WHAT THE TASK REQUIRES
All of the data below must be repeated exactly.

SOURCE INFORMATION
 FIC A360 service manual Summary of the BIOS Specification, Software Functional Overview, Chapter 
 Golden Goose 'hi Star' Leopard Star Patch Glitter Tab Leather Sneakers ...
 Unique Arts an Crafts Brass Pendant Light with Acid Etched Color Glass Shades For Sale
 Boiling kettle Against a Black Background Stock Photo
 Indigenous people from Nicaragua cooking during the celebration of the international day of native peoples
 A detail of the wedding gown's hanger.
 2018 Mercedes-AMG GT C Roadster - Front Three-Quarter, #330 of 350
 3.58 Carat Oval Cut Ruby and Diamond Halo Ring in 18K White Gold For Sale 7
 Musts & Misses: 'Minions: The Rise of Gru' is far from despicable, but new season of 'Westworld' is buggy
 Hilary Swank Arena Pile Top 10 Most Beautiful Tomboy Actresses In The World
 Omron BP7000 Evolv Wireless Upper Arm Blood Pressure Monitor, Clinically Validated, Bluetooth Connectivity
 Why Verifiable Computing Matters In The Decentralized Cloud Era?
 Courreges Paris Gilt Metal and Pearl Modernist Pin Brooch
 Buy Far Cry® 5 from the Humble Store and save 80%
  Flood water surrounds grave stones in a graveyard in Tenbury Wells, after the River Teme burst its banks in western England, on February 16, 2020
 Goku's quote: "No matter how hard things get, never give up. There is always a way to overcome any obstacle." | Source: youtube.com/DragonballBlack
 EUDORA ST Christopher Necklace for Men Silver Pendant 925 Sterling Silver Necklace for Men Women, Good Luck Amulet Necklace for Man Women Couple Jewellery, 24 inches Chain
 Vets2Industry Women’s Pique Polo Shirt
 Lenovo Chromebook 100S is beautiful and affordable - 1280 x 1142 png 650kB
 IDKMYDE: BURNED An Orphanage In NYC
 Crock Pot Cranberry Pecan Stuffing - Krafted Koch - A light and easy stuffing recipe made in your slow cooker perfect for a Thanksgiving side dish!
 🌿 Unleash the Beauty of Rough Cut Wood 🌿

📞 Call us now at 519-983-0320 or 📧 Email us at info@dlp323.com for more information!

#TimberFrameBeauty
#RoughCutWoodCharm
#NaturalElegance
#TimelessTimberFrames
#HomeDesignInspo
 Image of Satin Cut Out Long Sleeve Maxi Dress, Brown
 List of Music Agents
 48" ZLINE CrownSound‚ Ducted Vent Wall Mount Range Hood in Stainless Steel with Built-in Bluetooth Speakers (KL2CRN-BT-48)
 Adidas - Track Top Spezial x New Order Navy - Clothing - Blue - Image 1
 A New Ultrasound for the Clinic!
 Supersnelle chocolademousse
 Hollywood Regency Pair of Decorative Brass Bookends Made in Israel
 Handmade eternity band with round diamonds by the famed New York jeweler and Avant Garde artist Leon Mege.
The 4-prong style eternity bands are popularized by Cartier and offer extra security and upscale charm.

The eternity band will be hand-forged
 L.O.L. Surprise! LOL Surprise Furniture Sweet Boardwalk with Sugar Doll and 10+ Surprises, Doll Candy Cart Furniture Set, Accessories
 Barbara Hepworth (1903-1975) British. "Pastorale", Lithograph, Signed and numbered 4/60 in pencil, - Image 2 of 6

FINISHED TASK
 FIC A360 service manual Summary of the BIOS Specification, Software Functional Overview, Chapter 
 Golden Goose 'hi Star' Leopard Star Patch Glitter Tab Leather Sneakers ...
 Unique Arts an Crafts Brass Pendant Light with Acid Etched Color Glass Shades For Sale
 Boiling kettle Against a Black Background Stock Photo
 Indigenous people from Nicaragua cooking during the celebration of the international day of native peoples
 A detail of the wedding gown's hanger.
 2018 Mercedes-AMG GT C Roadster - Front Three-Quarter, #330 of 350
 3.58 Carat Oval Cut Ruby and Diamond Halo Ring in 18K White Gold For Sale 7
 Musts & Misses: 'Minions: The Rise of Gru' is far from despicable, but new season of 'Westworld' is buggy
 Hilary Swank Arena Pile Top 10 Most Beautiful Tomboy Actresses In The World
 Omron BP7000 Evolv Wireless Upper Arm Blood Pressure Monitor, Clinically Validated, Bluetooth Connectivity
 Why Verifiable Computing Matters In The Decentralized Cloud Era?
 Courreges Paris Gilt Metal and Pearl Modernist Pin Brooch
 Buy Far Cry® 5 from the Humble Store and save 80%
  Flood water surrounds grave stones in a graveyard in Tenbury Wells, after the River Teme burst its banks in western England, on February 16, 2020
 Goku's quote: "No matter how hard things get, never give up. There is always a way to overcome any obstacle." | Source: youtube.com/DragonballBlack
 EUDORA ST Christopher Necklace for Men Silver Pendant 925 Sterling Silver Necklace for Men Women, Good Luck Amulet Necklace for Man Women Couple Jewellery, 24 inches Chain
 Vets2Industry Women’s Pique Polo Shirt
 Lenovo Chromebook 100S is beautiful and affordable - 1280 x 1142 png 650kB
 IDKMYDE: BURNED An Orphanage In NYC
 Crock Pot Cranberry Pecan Stuffing - Krafted Koch - A light and easy stuffing recipe made in your slow cooker perfect for a Thanksgiving side dish!
 🌿 Unleash the Beauty of Rough Cut Wood 🌿

📞 Call us now at 519-983-0320 or 📧 Email us at info@dlp323.com for more information!

#TimberFrameBeauty
#RoughCutWoodCharm
#NaturalElegance
#TimelessTimberFrames
#HomeDesignInspo
 Image of Satin Cut Out Long Sleeve Maxi Dress, Brown
 List of Music Agents
 48" ZLINE CrownSound‚ Ducted Vent Wall Mount Range Hood in Stainless Steel with Built-in Bluetooth Speakers (KL2CRN-BT-48)
 Adidas - Track Top Spezial x New Order Navy - Clothing - Blue - Image 1
 A New Ultrasound for the Clinic!
 Supersnelle chocolademousse
 Hollywood Regency Pair of Decorative Brass Bookends Made in Israel
 Handmade eternity band with round diamonds by the famed New York jeweler and Avant Garde artist Leon Mege.
The 4-prong style eternity bands are popularized by Cartier and offer extra security and upscale charm.

The eternity band will be hand-forged
 L.O.L. Surprise! LOL Surprise Furniture Sweet Boardwalk with Sugar Doll and 10+ Surprises, Doll Candy Cart Furniture Set, Accessories
 Barbara Hepworth (1903-1975) British. "Pastorale", Lithograph, Signed and numbered 4/60 in pencil, - Image 2 of 6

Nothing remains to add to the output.